The head pediatrician at the hospital saw him and did tests. After observing our son, we were told it was signs of severe stress. He admitted that this school has a particular bully problem. When talking about ways to deal with it, my husband suggested home schooling and the doctor fully endorsed this idea. He ordered one more test to make sure: we had to have a heart monitor machine attached to my son for 24 hours while I was to put him under the most rigorous stress possible as a mother. So I gave him a drill-sergeant school day and tried my best to show him my worst possible school day (you know, those days when they just won't do their work). I had to know if I would be just as stressful as the school, or worse, as a home school teacher. Wouldn't you know it, not one chest pain or anything that resembled stress showed up on the test. This surprised me, but apparently I don't stress-out my child. The school suggested that we should let our child complete the school year, and then he would be enrolled and bussed to a special school the following year for behaviour modification.
The doctor had said the school's diagnosis was wrong: he was not ADHD, just a normal boy who had lost trust in his school and teachers, due to all the bullying.
So we took him out the day after we saw the doctor, and the chest pains miraculously went from 4+per day at school, to NONE! We did not expect to see such a drastic change; there have only been 2 chest pains in an entire year since then.
The school board has shared their concern with me: "how will your son learn to deal with stress properly if you don't let him be exposed to the stress?" I can confidently say that while a tank of sharks would definitely stress me out, who would like to be thrown in there just to learn a lesson?

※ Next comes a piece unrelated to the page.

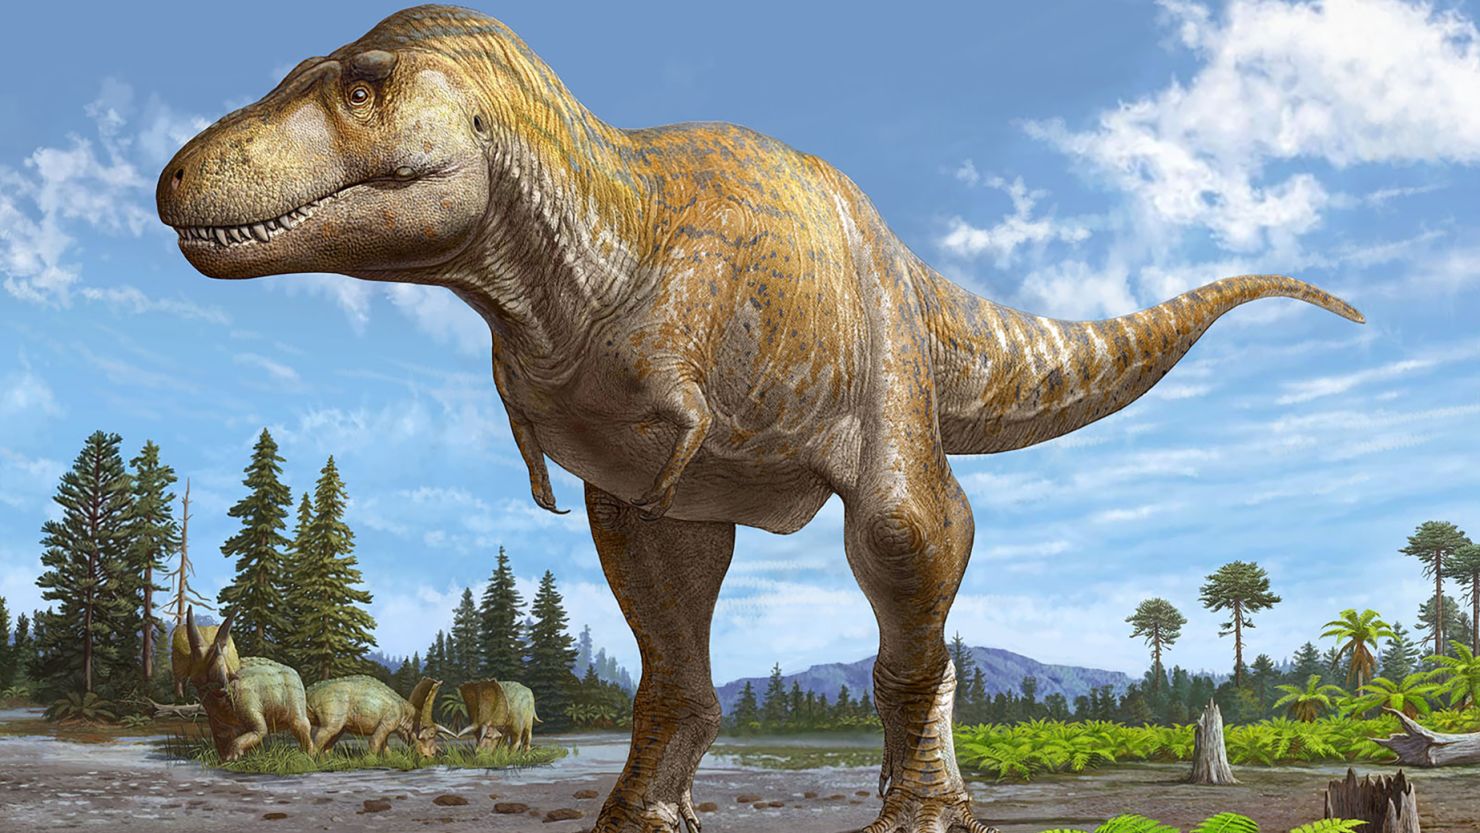 T. rex fossil is actually a species new to science, study says

Every child deserves to learn in a safe environment.
Am I anti-school? No. A lot of kids like school and do well there. Home schooling may not be for everyone, and public school is not for everyone. I am so happy to spend every day with my children, and watch them grow.
How do I home school?
I am so happy that as home educators, we have the opportunity to cater curriculum to our child's individual needs and learning style. We have done the 'trial and error' method with a few different resources. We find that a hands-on approach works well for us. Most of our science lessons extend into interesting unit studies. Our focus has been to encourage our child to like learning again. He has associated writing on paper with negativity, so we are baby stepping our way through progress. I still haven't found the 'magic' program out there that will get him to write well and without groaning, but I haven't given up. We have found that computer studies is his favourite subject, and he will gladly type out his work rather than touching pen to paper.
I am so grateful for all the support I have received from our local home school support group. Their encouragement is priceless.
If you have managed to read this entire blog post, I thank you for sharing with us in our trials and adventures.